Байкальск. Фото Лео Абрахамса

— Альбом, ставший результатом этих изысканий, можно рассматривать как совершенно индивидуальное авторское высказывание Лео Абрахамса? Или есть люди, которые копают тот же самый туннель?

— Сегодня уже ничто не уникально на сто процентов. Уж точно не в моем случае. Есть множество прекрасных музыкантов, которые работают в близких и смежных областях. Если надо кого-то выделить, я выделю австралийца Орена Амбарчи. Он бóльшую часть своей жизни посвятил очень близкой мне деятельности, и, полагаю, уже очень скоро упоминание в одном ряду с ним будет считаться для меня большой честью.

— Вы постоянно исполняете музыку, которая требует высочайшей «коммерческой» отточенности аранжировок и звука, которая вряд ли может быть повторена в живом исполнении с удовлетворительной схожестью. И одновременно с этим играете музыку абсолютно импровизационную. Есть люди, к которым отношусь и я сам: музыку первого типа они слушают только в записи, где она доведена до совершенства. Ну, возьмите Стинга: студийные альбомы гениальны с точки зрения аранжировки и звукозаписи, а концертные — невнятная каша. А вот импровизационный материал таким людям, как я, интересен только вживую, когда понятна уникальность, однократность момента.

— Абсолютно разделяю комментарий относительно Стинга! Многое из моей любимой музыки звучит совершенно ужасно и разочаровывает, когда исполняется вновь вне того контекста, который был когда-то специально создан. Но записи импровизационной музыки я, наоборот, люблю. По трем причинам. Во-первых, сам по себе звук в такой записи обычно лучше, чем на концерте. Во-вторых, импровизационная музыка в записи отделена от незамутненного «живого» восхищения выступающим артистом, от картинки, от императивно передаваемой тебе громкости и прохождения басов через твое тело. Записанная музыка уже не зависит от какой бы то ни было «энергетики», кроме своего внутреннего наполнения и качества. И в-третьих, если исполнитель это себе позволяет (а позволяют многие, включая и меня самого!), всегда остается возможность отредактировать записанную в студии импровизацию, вырезать что-то неудачное или скучное…

Самара. Фото Лео Абрахамса

— Музыка с вашим участием встречала очень разный прием. Достаточно сказать, что во всем мире сотни миллионов притоптывали ногой под саундтрек к фильмам о «Друзьях Оушена» (при этом, правда, понятия не имея, кто там играет на гитаре). Как вы себе видите перспективы нового альбома в этом ключе?

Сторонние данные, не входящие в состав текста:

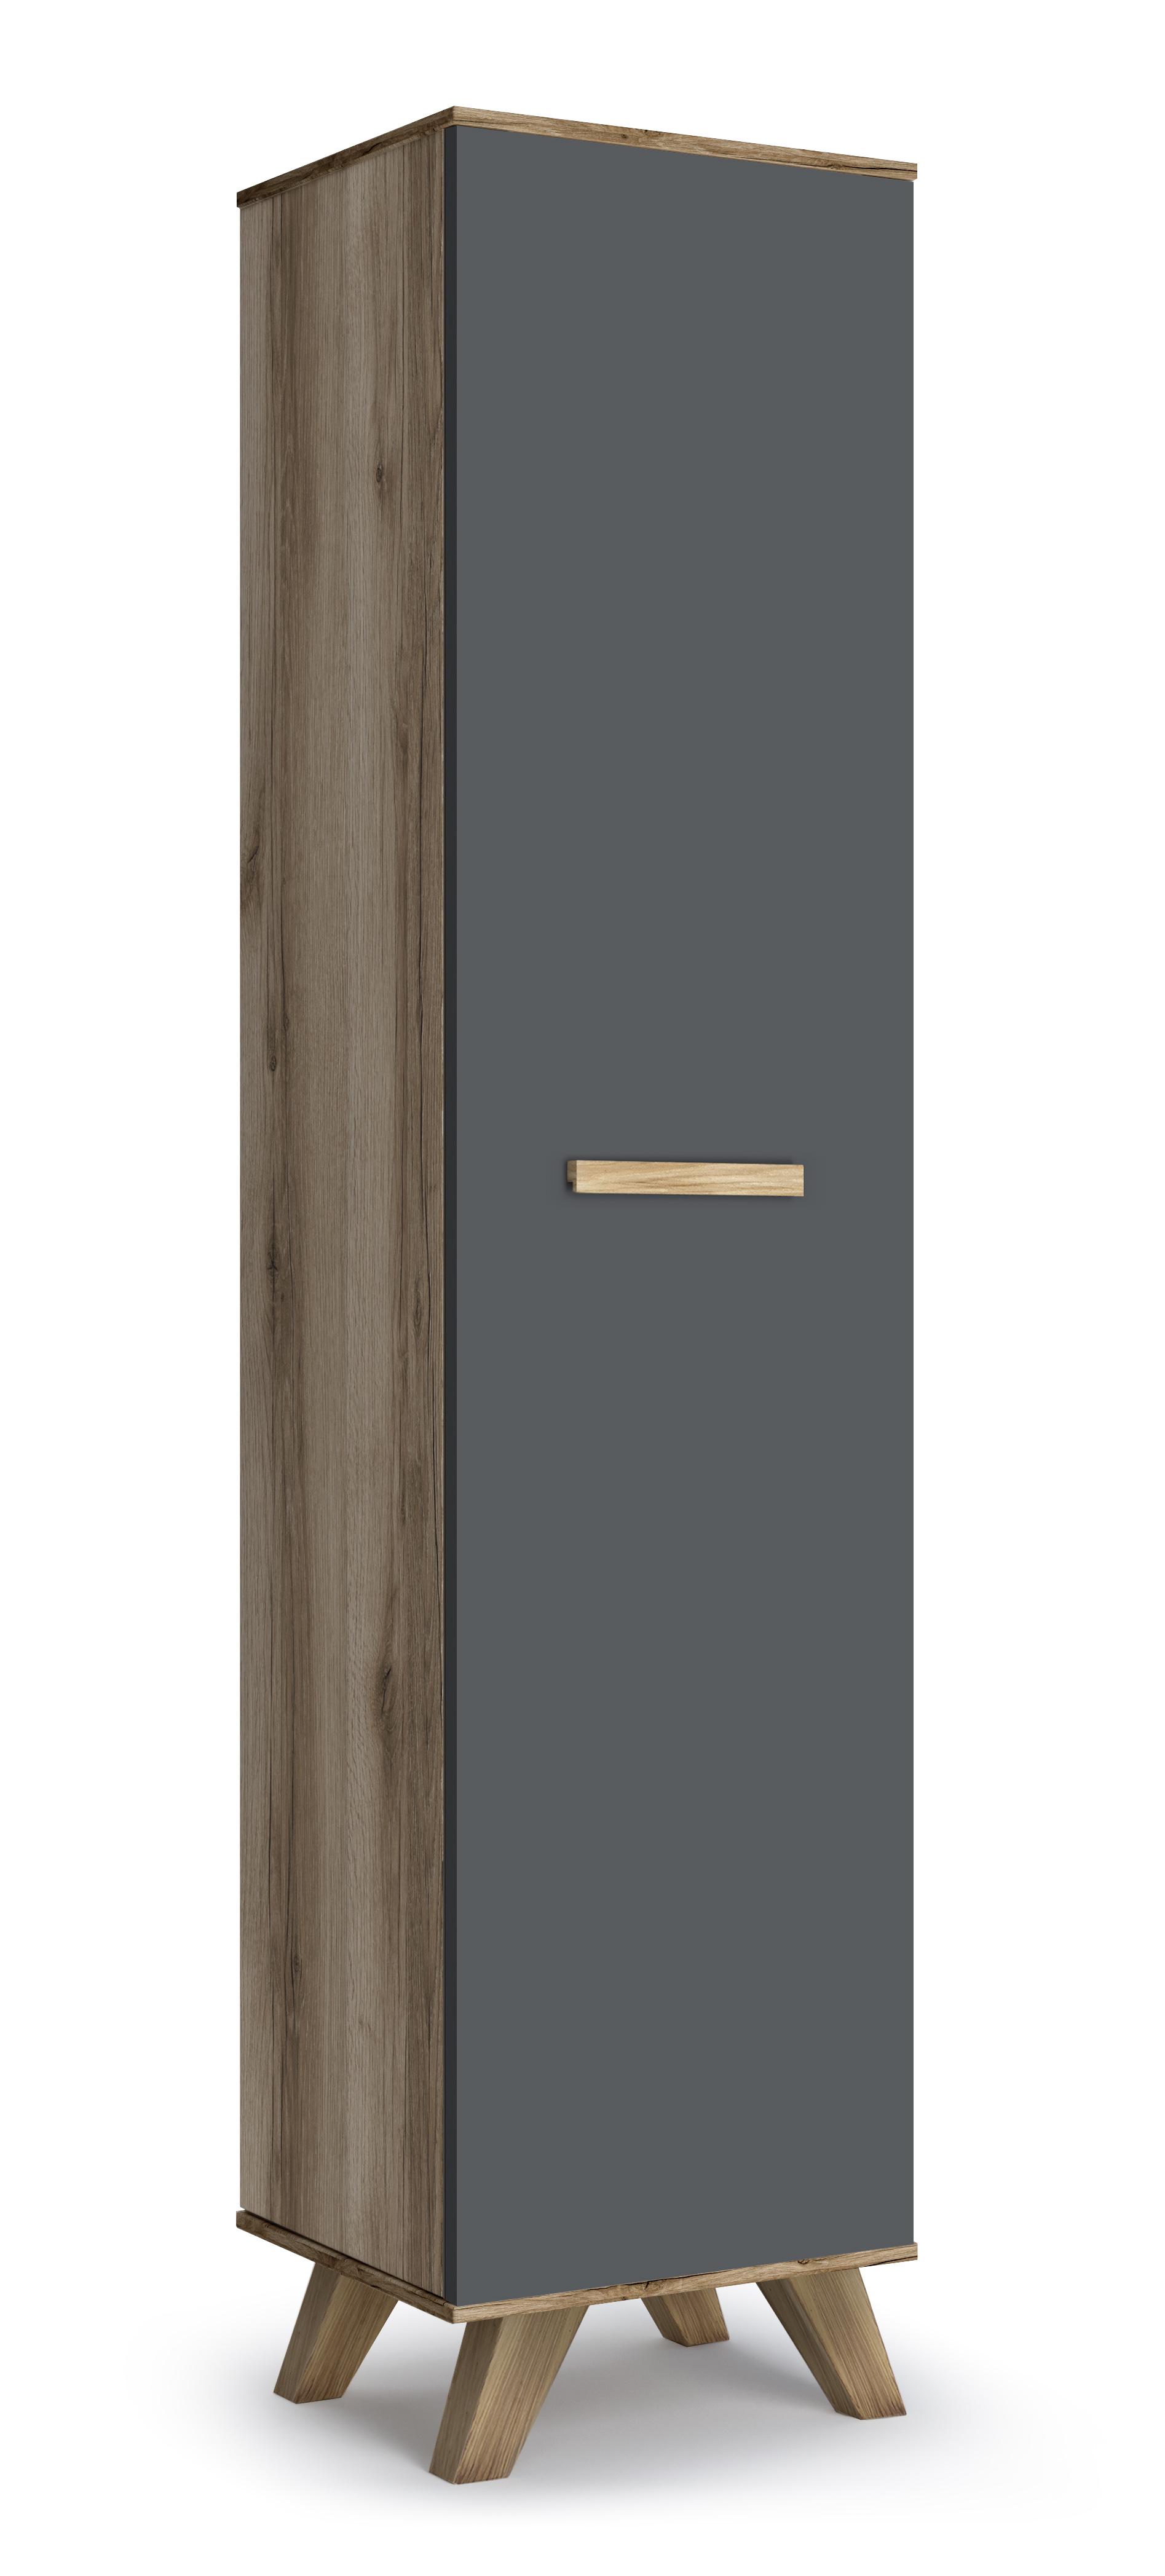 Шкаф 400 «Вега Скандинавия» (силк флай) Кураж

— Верьте или нет, но до этого момента я особенно не переживал из-за того, как вообще воспринимают мою музыку. Мне просто всегда было очень интересно ее делать. А с этим альбомом меня донесло до той точки, когда надо документировать именно сольное, свое личное исполнение. В общем и целом мне очень повезло существовать в мире музыки, которая крайне разнообразна. Я ее вижу как некую глобальную экосистему. И вот как-то, слово за слово, я осознал, что в будущем хотел бы видеть свою собственную музыку (всё еще часть общей экосистемы) занявшей вокруг меня побольше места. Так что новый альбом — это рост. Это однозначный рост. Как и два других импров-проекта, которые вышли в этом году: «Krononaut» (с Мартином Фрэнсом, Арве Хенриксеном и Матаной Робертс) и «Visitations» (с Шахзадом Измаили).

— В эпоху цифровой музыки формат альбома стремительно трансформируется. Даже сборники самых разносортных композиций становятся динамическими, вещатели и слушатели свободно меняют их наполнение, не следуя никаким «старообрядческим» правилам. «Scene Memory 2» — это всё еще альбом в классическом понимании термина? И, раз уж некий цикл замкнулся через пятнадцать лет после выхода первого «Scene Memory», нынешний второй альбом серии — это продолжение, завершение, переосмысление?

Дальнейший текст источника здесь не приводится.